**Exercise data**:
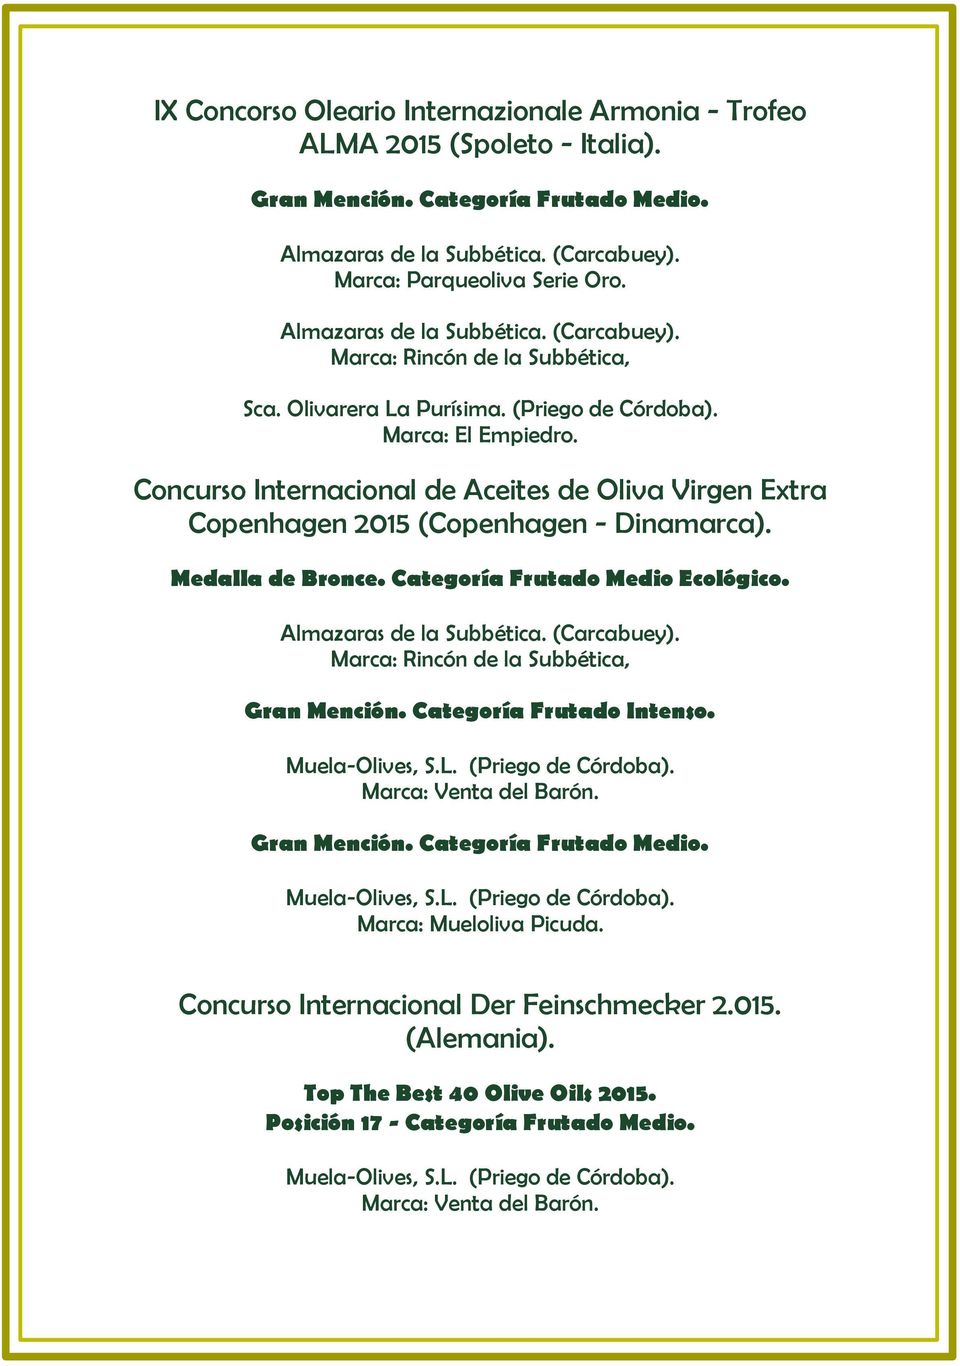 Concurso Internacional de Aceites de Oliva Virgen Extra Copenhagen 2015 (Copenhagen - Dinamarca). Medalla de Bronce. Categoría Frutado Medio Ecológico.
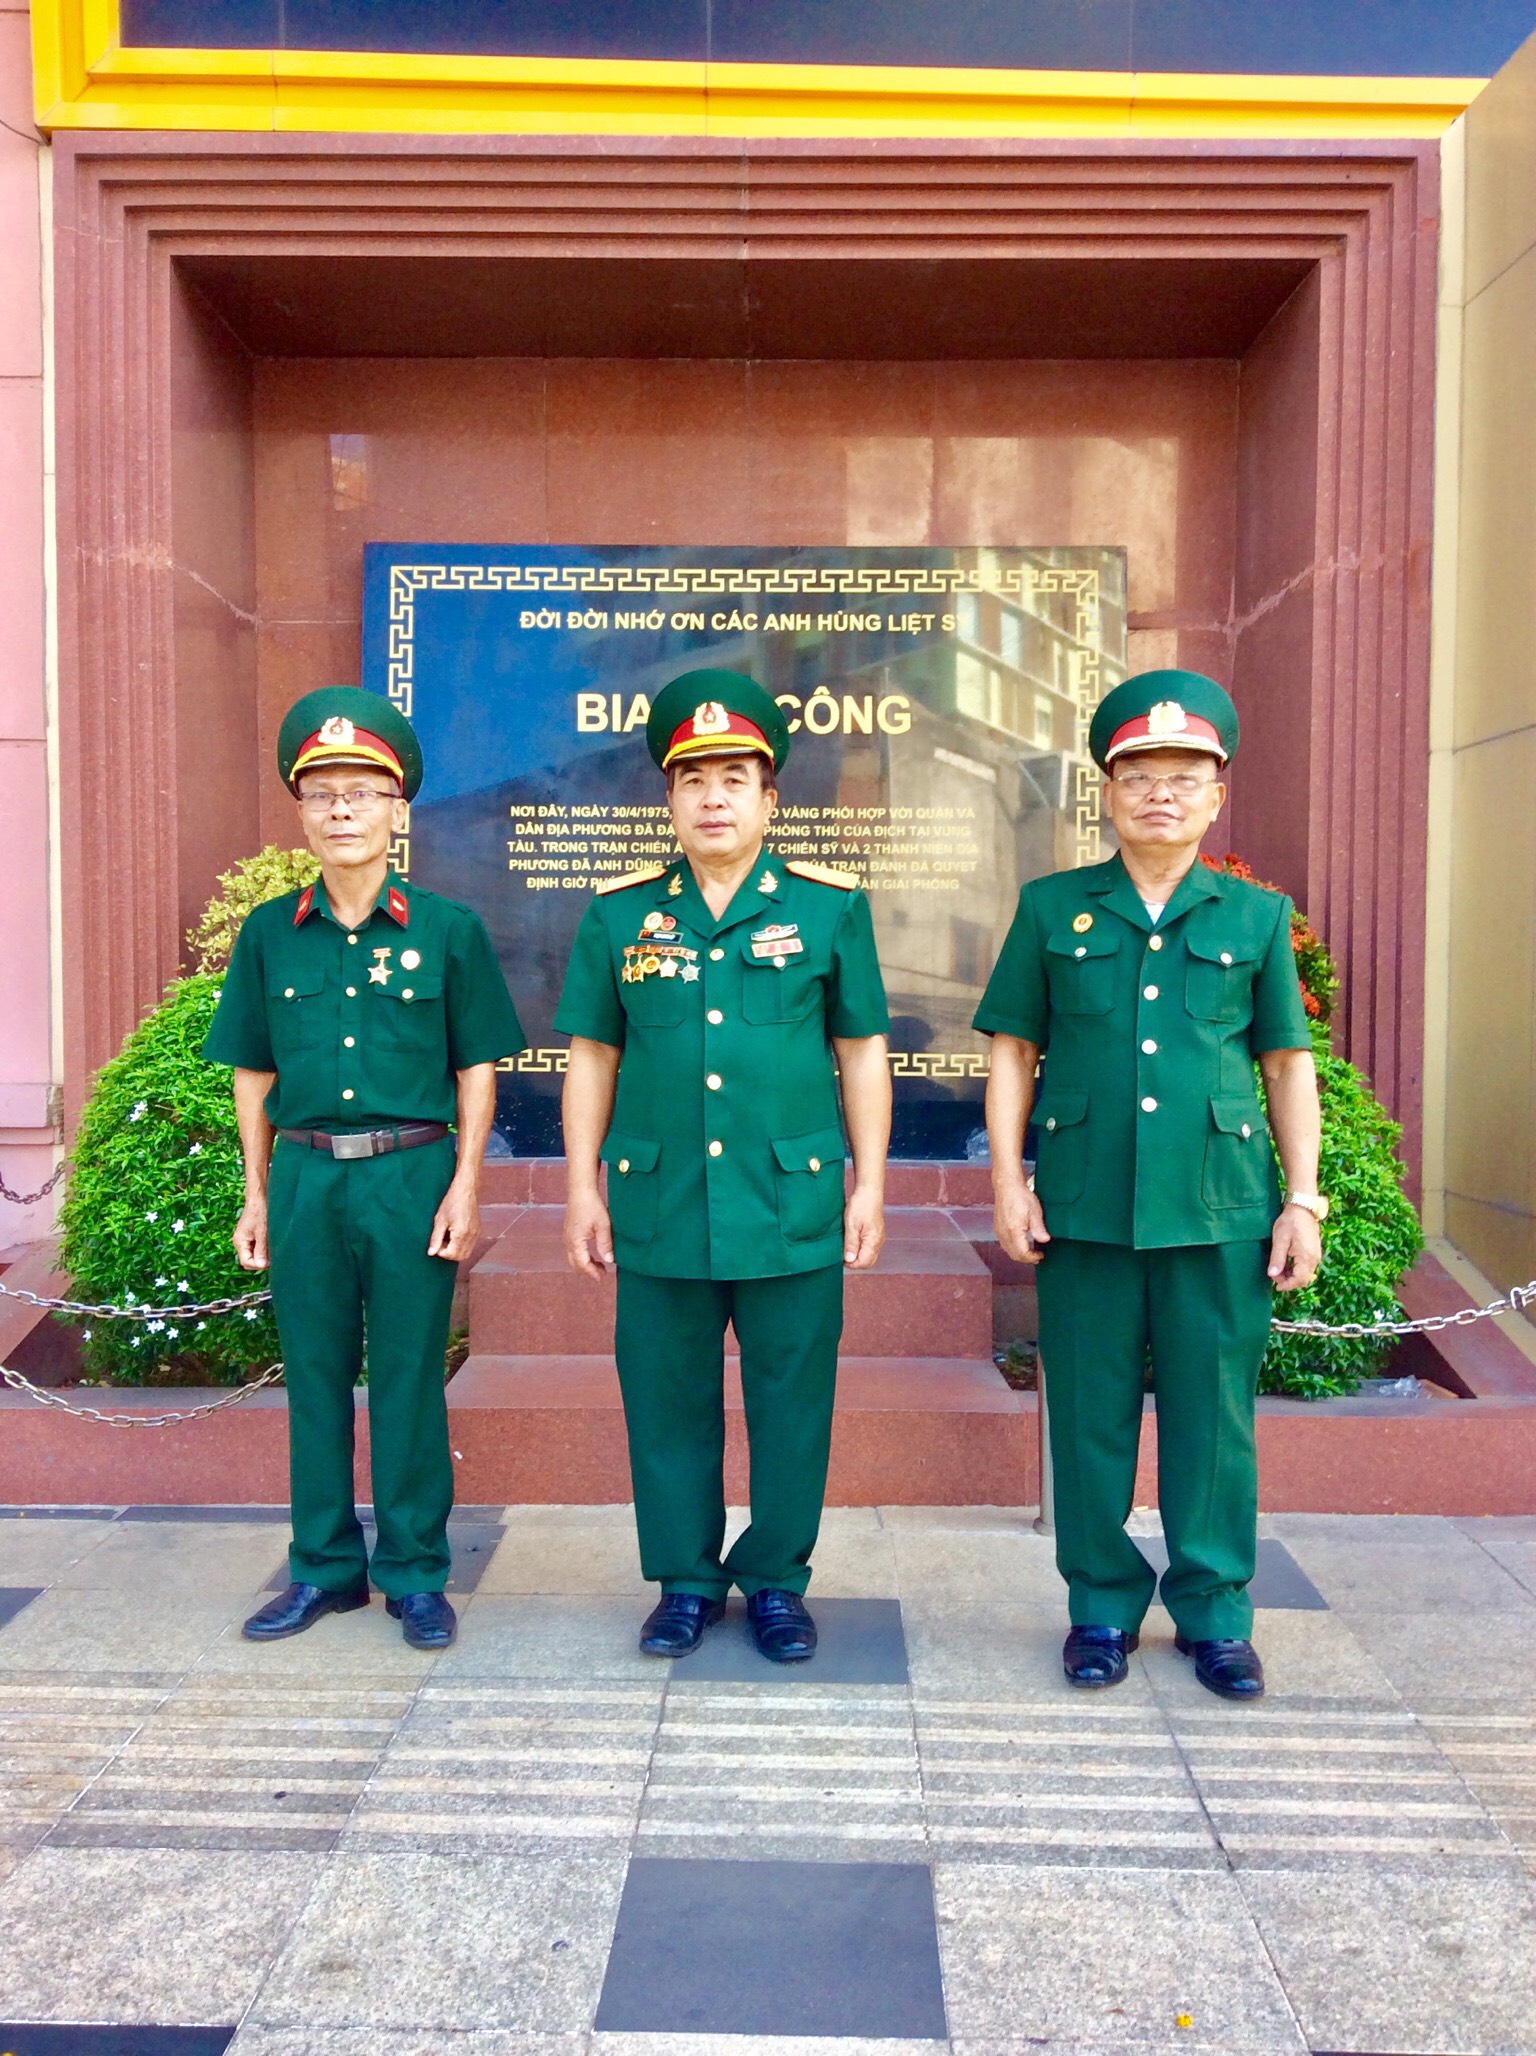  Đại diện Sư đoàn 3 Sao Vàng thăm và chụp ảnh lưu niệm tại Bia Ghi công các Anh hùng Liệt sĩ trong trận đánh Palace, giải phóng Vũng Tàu.
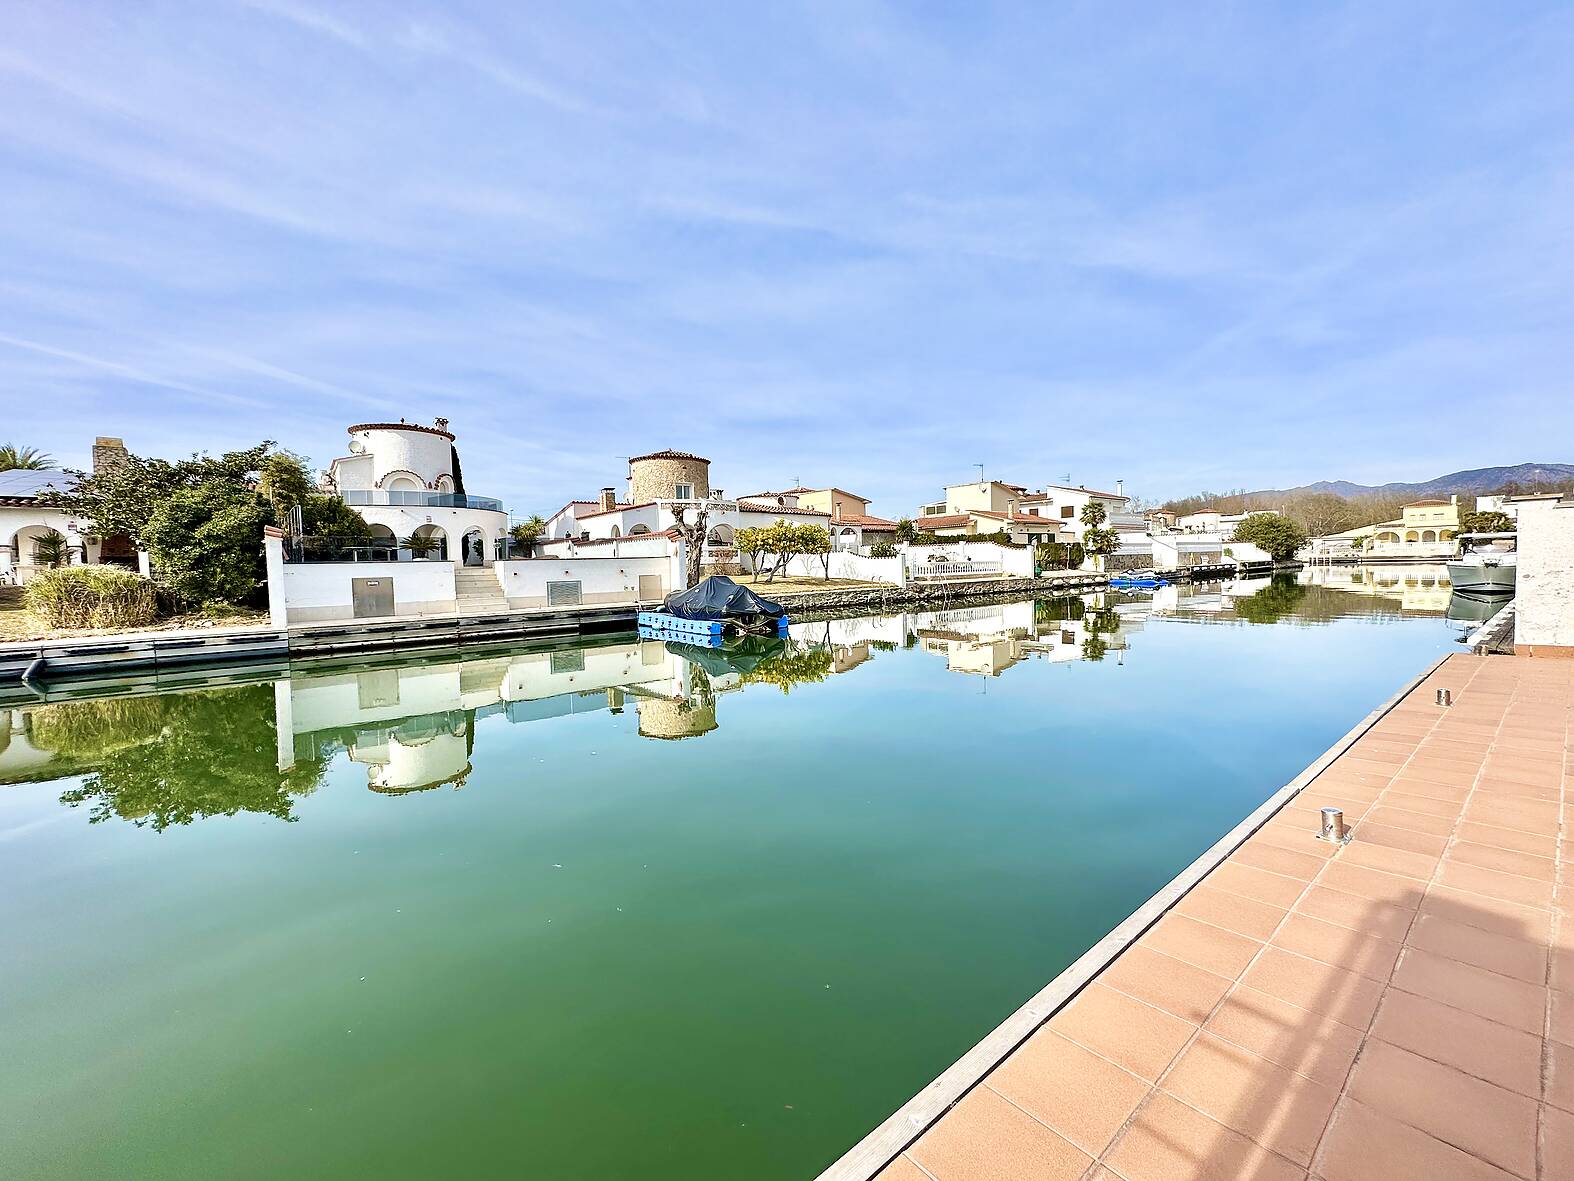 Villa rénovée avec amarre, piscine et garage, idéale pour les amateurs de luxe et de tranquillité.

**Exercise prompt**:
Copy out all the data above exactly as written. Skip the pictures.

**Solution for this exercise**:
 Concurso Internacional de Aceites de Oliva Virgen Extra Copenhagen 2015 (Copenhagen - Dinamarca). Medalla de Bronce. Categoría Frutado Medio Ecológico.
  Đại diện Sư đoàn 3 Sao Vàng thăm và chụp ảnh lưu niệm tại Bia Ghi công các Anh hùng Liệt sĩ trong trận đánh Palace, giải phóng Vũng Tàu.
 Villa rénovée avec amarre, piscine et garage, idéale pour les amateurs de luxe et de tranquillité.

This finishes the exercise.